The problems that we can experience with email notices are an example.
There are legal problems associated with using email to make contracts and further problems are associated with issuing notices by email under a contract. Those problems relate to
Many contracts contain clauses that people rarely bother to read. Even lawyers tend to gloss over the so called boiler plate clauses as these are added to almost every contract. One of these clauses sets out the method by which one party to a contract must provide a notice to the other party. Non compliance with these requirements may make the notice invalid.
To avoid disputes about whether a notice has in fact been given, contracts often include a requirement for notices to be given in writing. Is an email notice a notice in writing?
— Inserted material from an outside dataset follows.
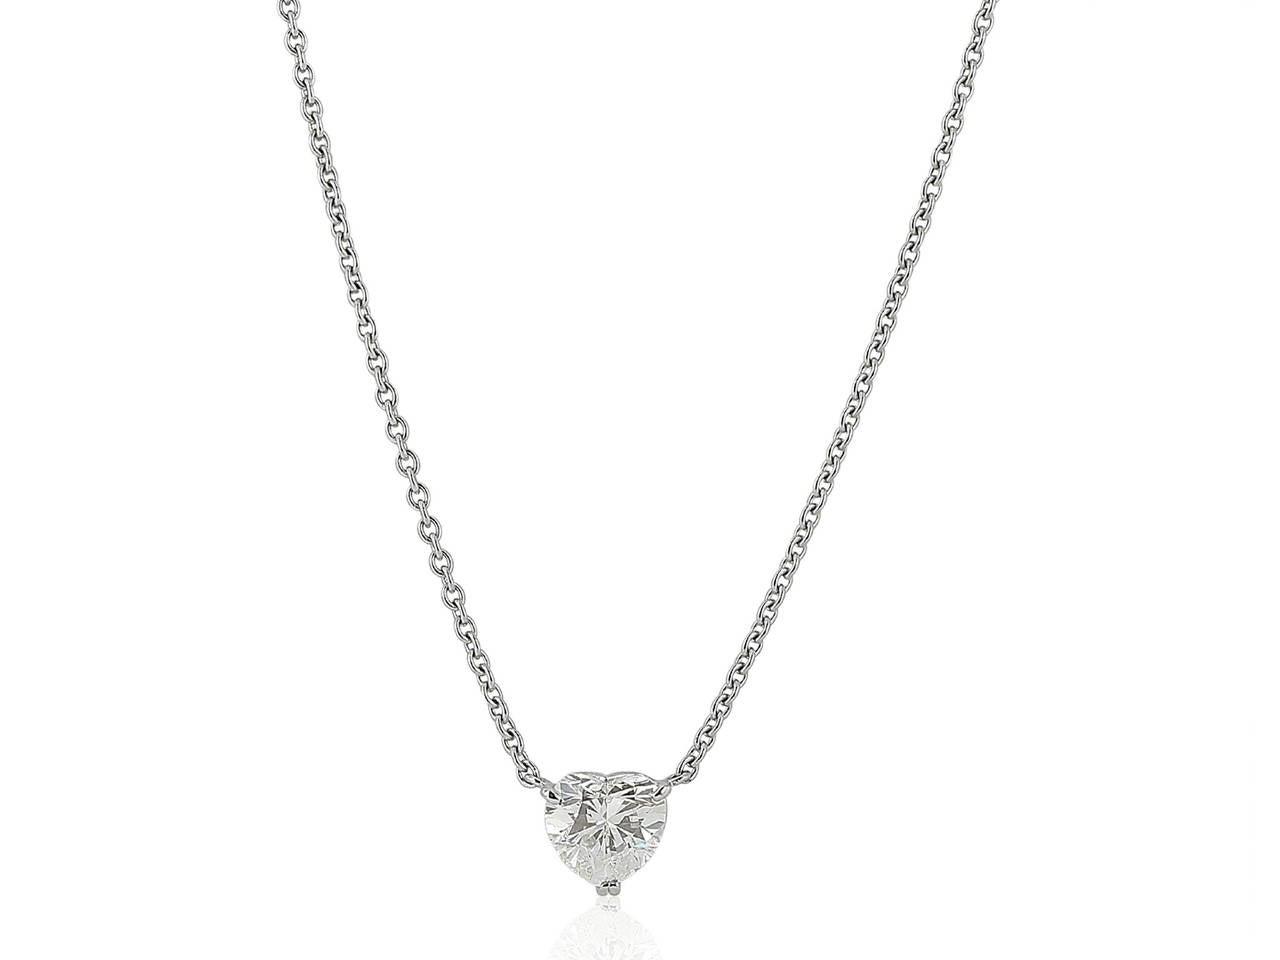 1.89 Carat Heart Diamond Platinum Pendant 2

The other problem of course is that some contracts such as land contracts are required by legislation to be put in writing and are not valid if not made in writing.
The Electronic Transactions (Queensland) Act 2001 and Electronic Transactions Act 1999 (Cth) govern electronic transactions and require as we have said prior consent.
The Electronic Transactions Acts can provide some guidance as to when a notice sent by e-mail will be deemed to be received.
The legislation only covers certain circumstances. If however the legislation is applicable and if the recipient provides the sender with its e-mail address and thereby designates an information system, the time of receipt is when the e-mail is received in the recipient’s mail server (the designated information system). If no information system is designated then the time of receipt is when the recipient actually receives the message and knows of its existence. This could be very difficult to prove.
Case law makes it clear that instantaneous communications such as facsimile and email, are treated as if parties are in each other’s presence, therefore a contract is not formed until the acceptance actually reaches the offeror and in the case of a facsimile this is when the fax reaches the recipient’s fax machine.
What remains unclear in the case of email is whether the email is received when the e-mail enters the recipient’s domain or when it comes to the attention of the recipient.
Most people understand that in order to have a contract there are several ingredients that must be present including an offer and an acceptance. Of course, the acceptance of an offer, or the giving of a notice can only be effective if the acceptance or the notice is communicated. If the communication is by email then the timing of that communication and therefore in the case of an offer the moment of creation of the contract may be difficult to identify. This has the potential to cause a problem if the offer is subsequently withdrawn. It is obviously necessary to know if it is the communication of the acceptance or the withdrawal of offer that came first.
Other difficulties with proving delivery include the fact that e-mail systems do not routinely provide an acknowledgement of receipt. Facsimiles are different in this regard. A request for a delivery receipt from the email sender does not generally give a reliable result.
It may be argued that it is the recipients responsibility if they provide an email address to check their e-mail box. Ironically, if a notice is sent by e-mail and the sender receives an “out of office” auto reply from the recipient, then receipt my be confirmed and the out of office notification may be otherwise irrelevant, just as it is irrelevant that the recipient of a fax is out of the office at the time the fax is received.
The simple solution to these email problems is to avoid this mode of communication in certain circumstances such as during the formation of a contract. This is the approach that most lawyers take.
Always confirm important emails by post or if appropriate request confirmation of receipt by seeking a response by return email.